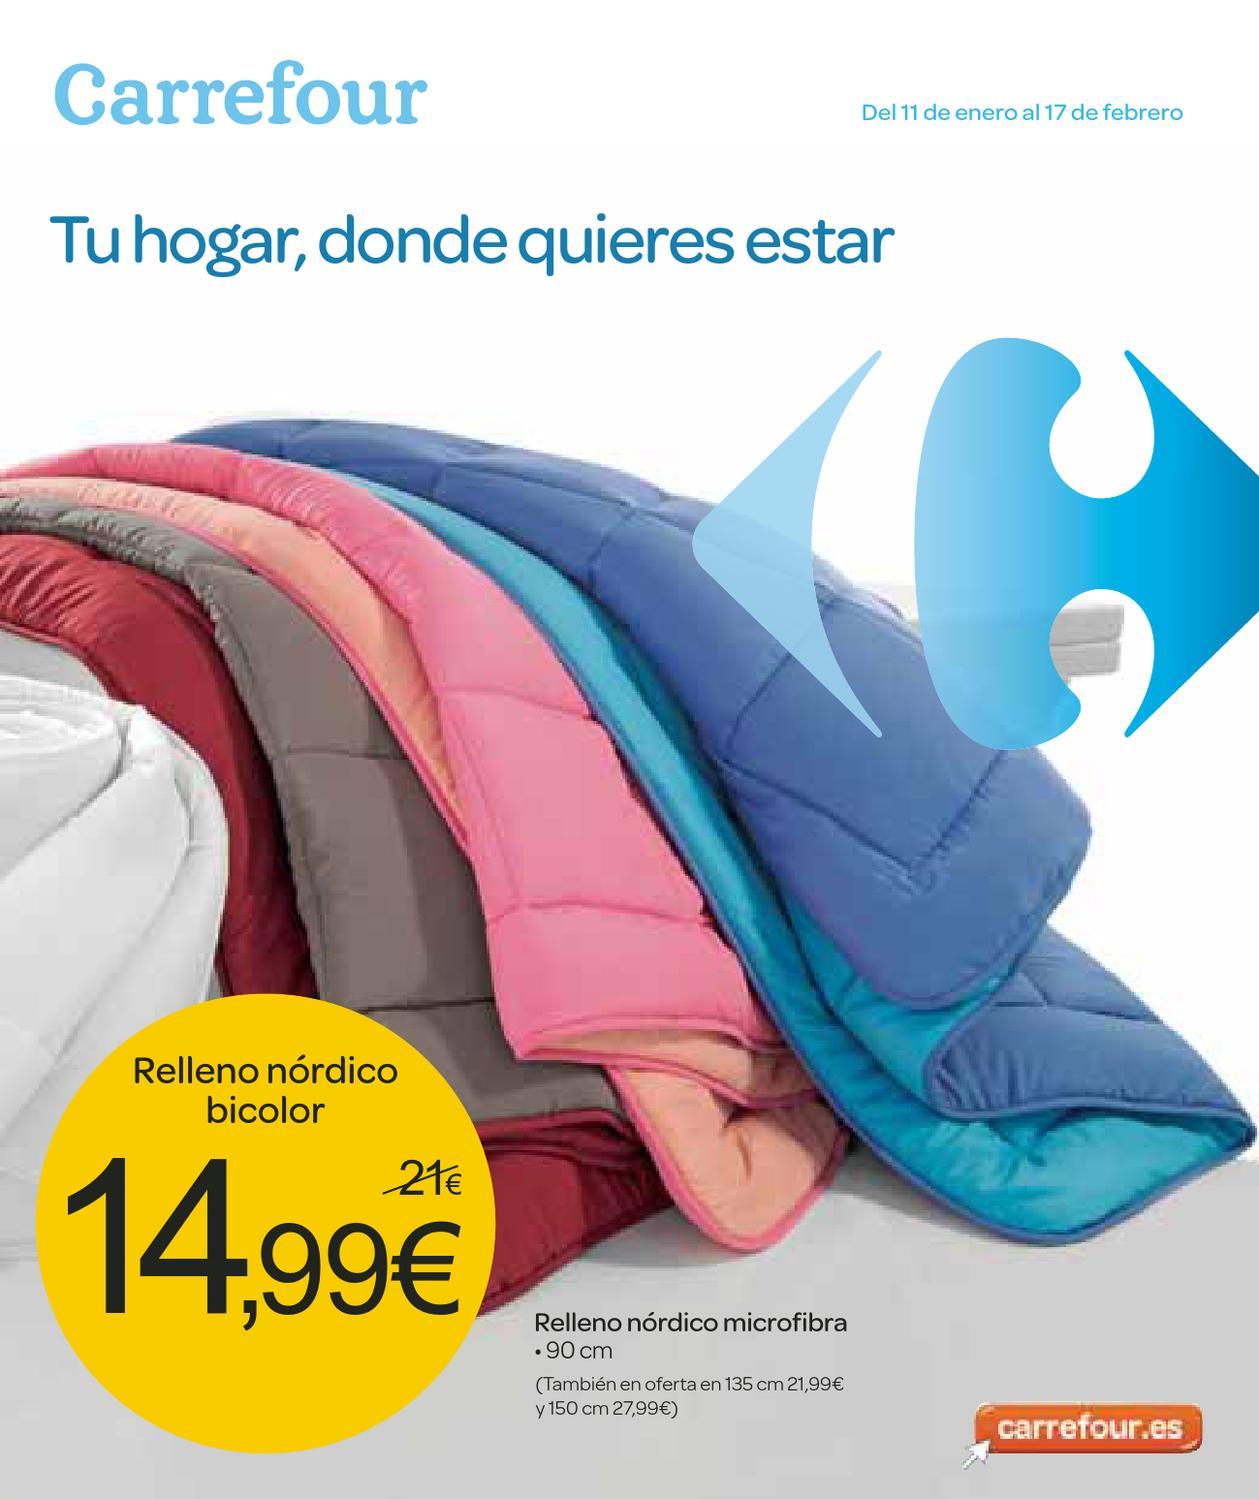 Carrefour catalogo ofertas para el hogar by hackos ecc issuu - Relleno nordico carrefour ...
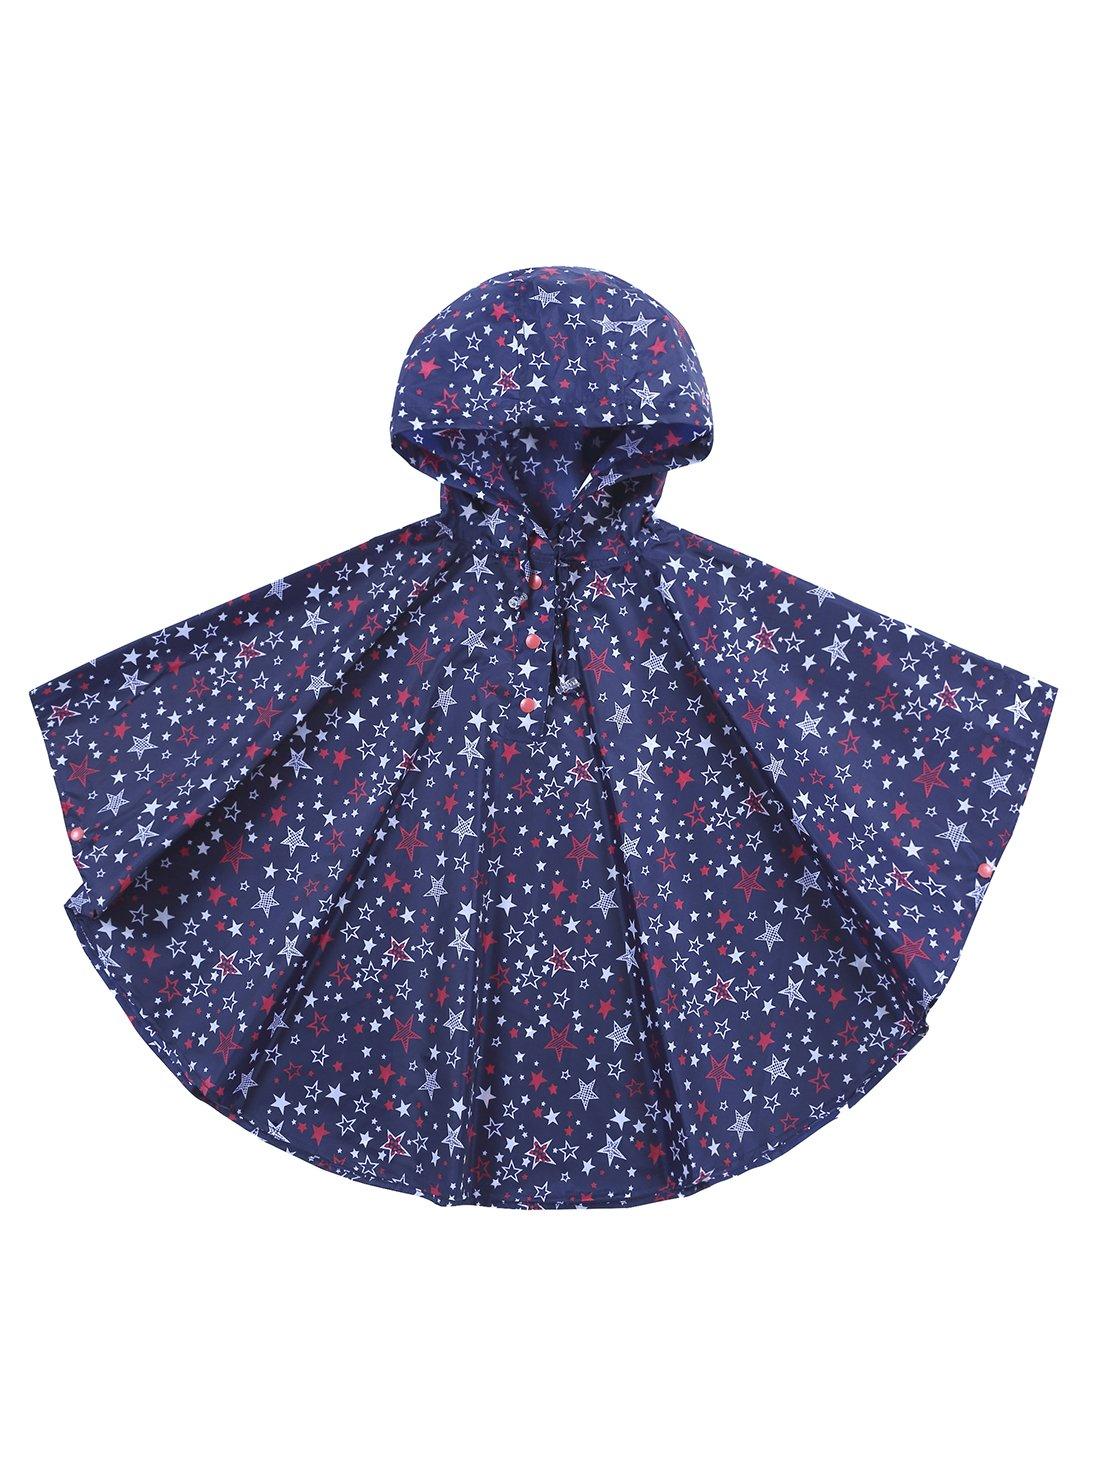 URBEAR Unisex Kids' Raincoat Hooded Waterproof Outdoor Trekking Poncho Suit Raincoat in a Bag, Blue M(100-130CM) Blue M(100-130CM) B80603XX-BM
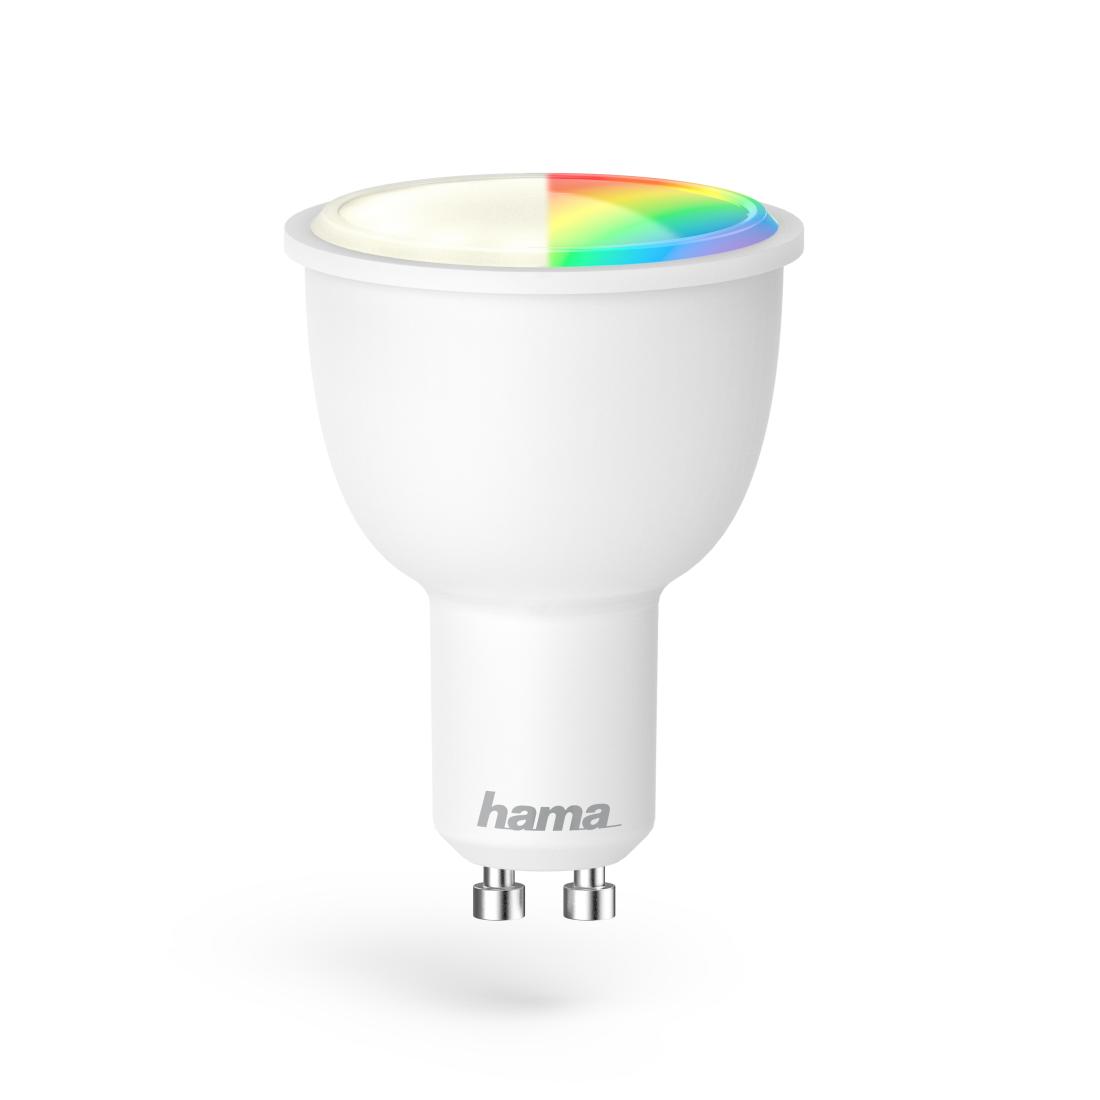 hama.de | 00176532 Hama WiFi-LED-Lampe, GU10, 4,5W, RGB, dimmbar ...
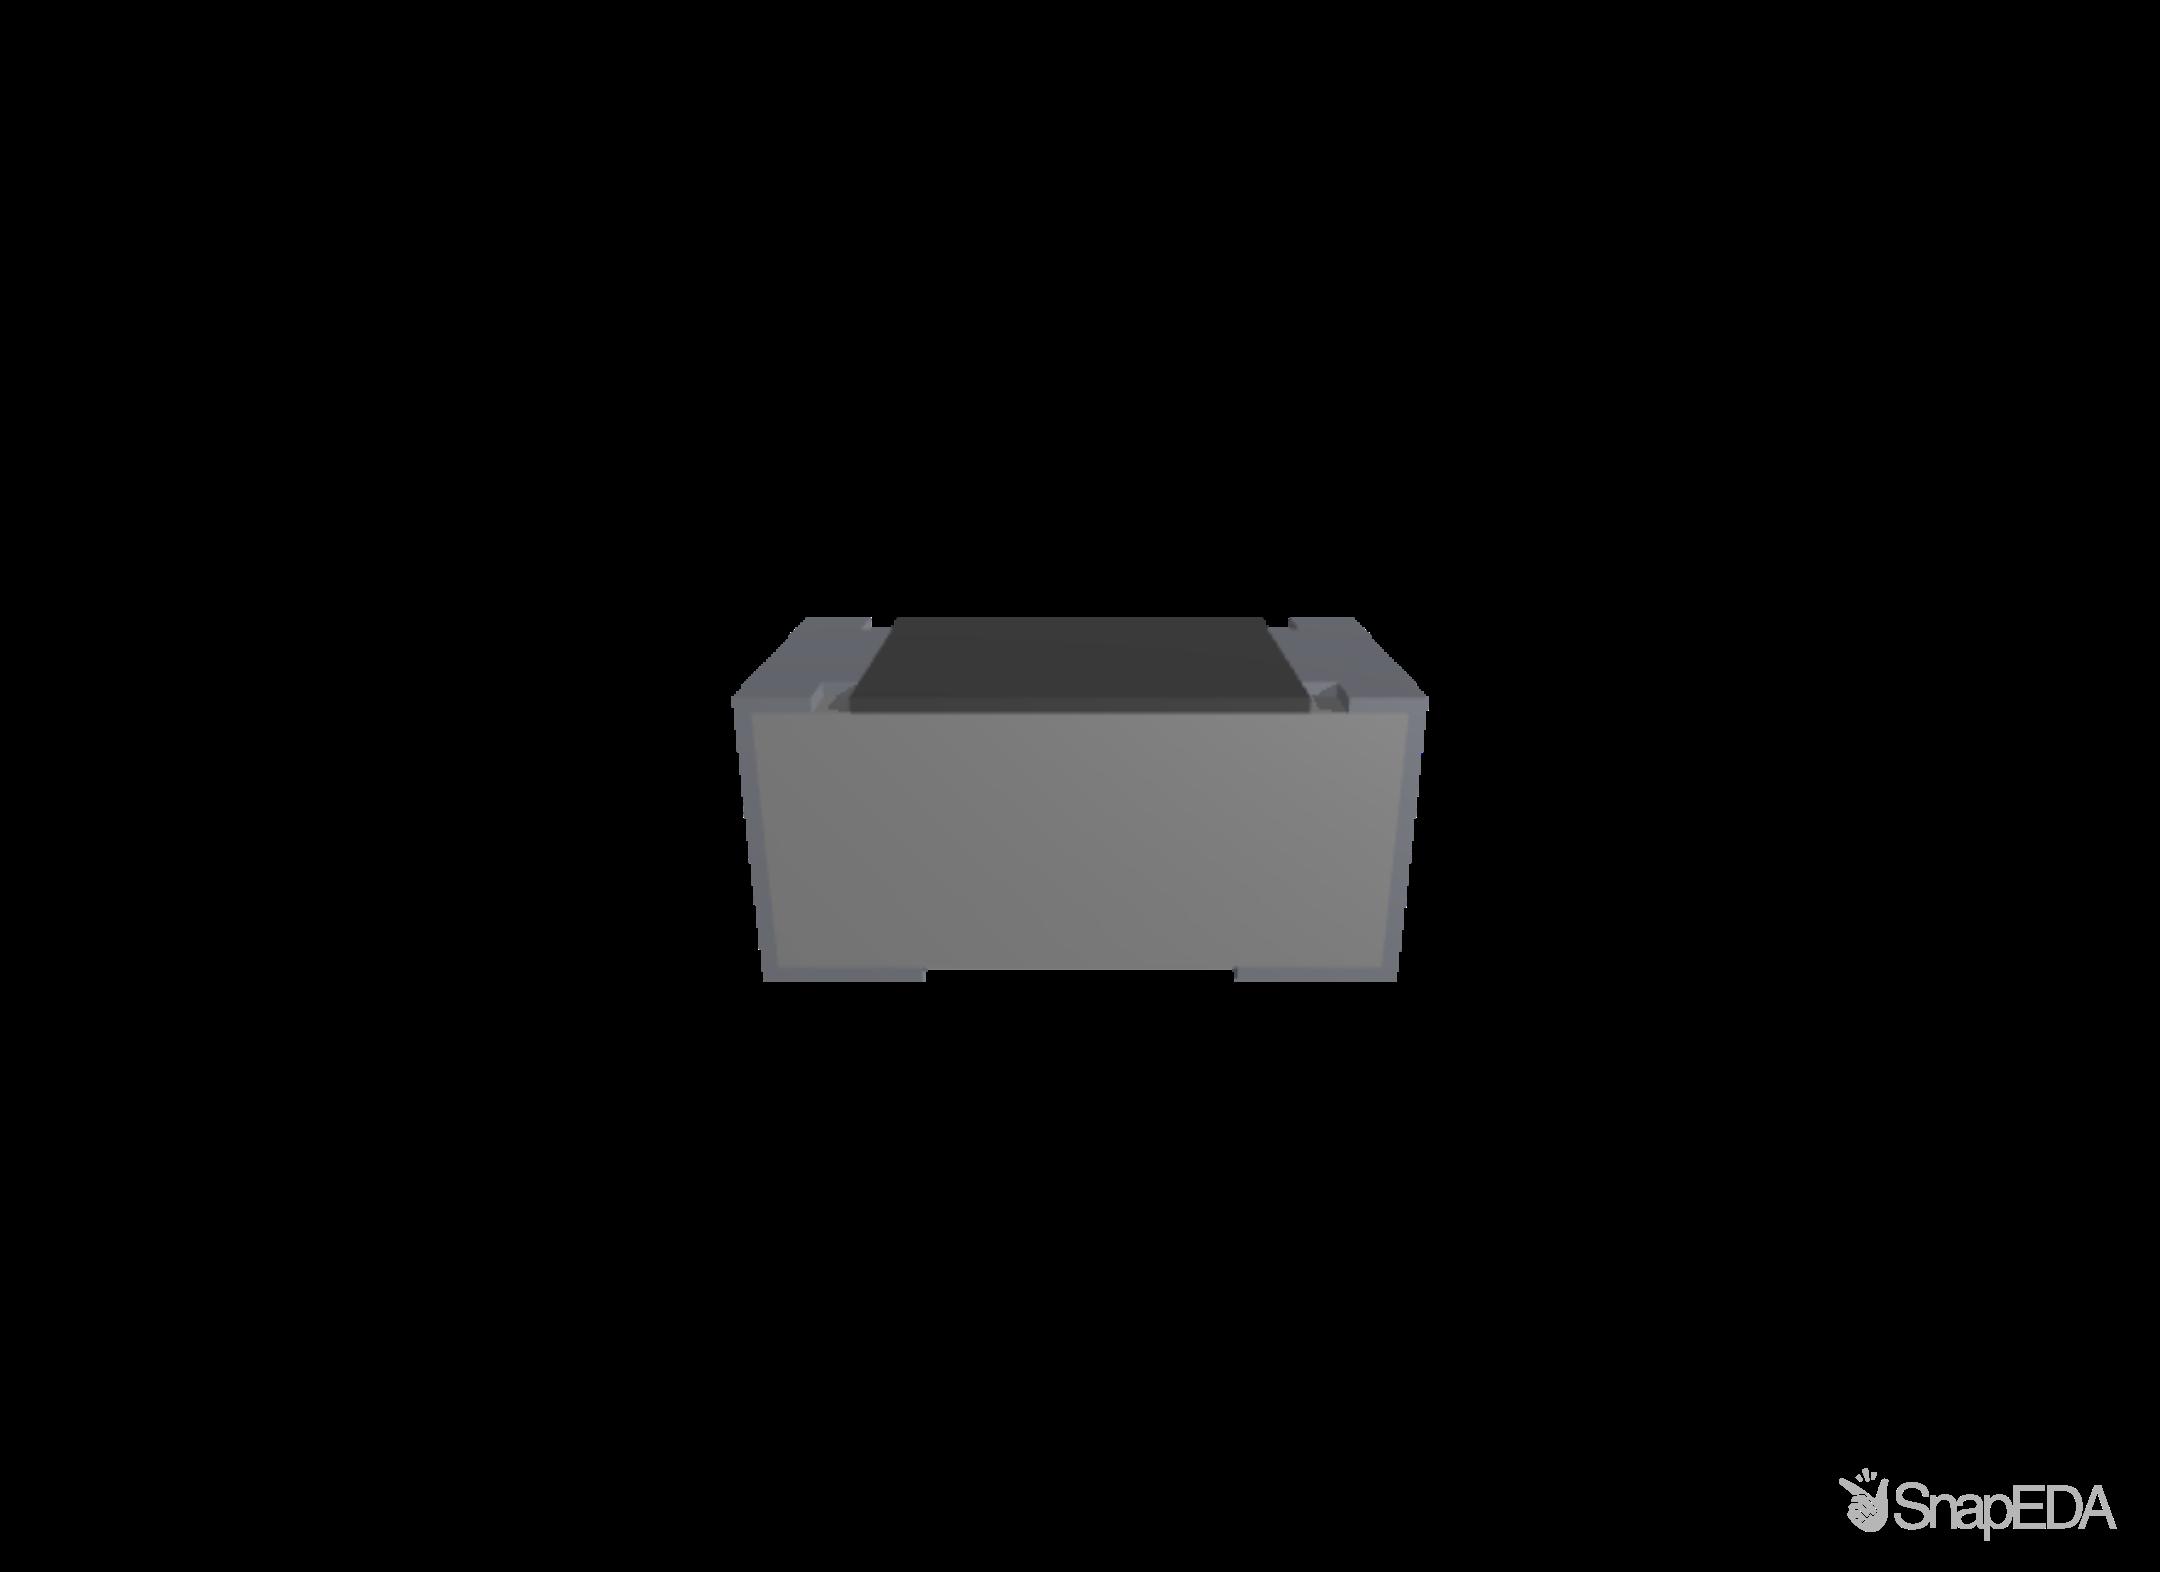 CRCW020110K0FNED 3D Model

## PROBLEM DESCRIPTION
For this task, give the full listing again verbatim and keep out every picture.

## EXPECTED OUTPUT
 Carrefour catalogo ofertas para el hogar by hackos ecc issuu - Relleno nordico carrefour ...
 URBEAR Unisex Kids' Raincoat Hooded Waterproof Outdoor Trekking Poncho Suit Raincoat in a Bag, Blue M(100-130CM) Blue M(100-130CM) B80603XX-BM
 hama.de | 00176532 Hama WiFi-LED-Lampe, GU10, 4,5W, RGB, dimmbar ...
 CRCW020110K0FNED 3D Model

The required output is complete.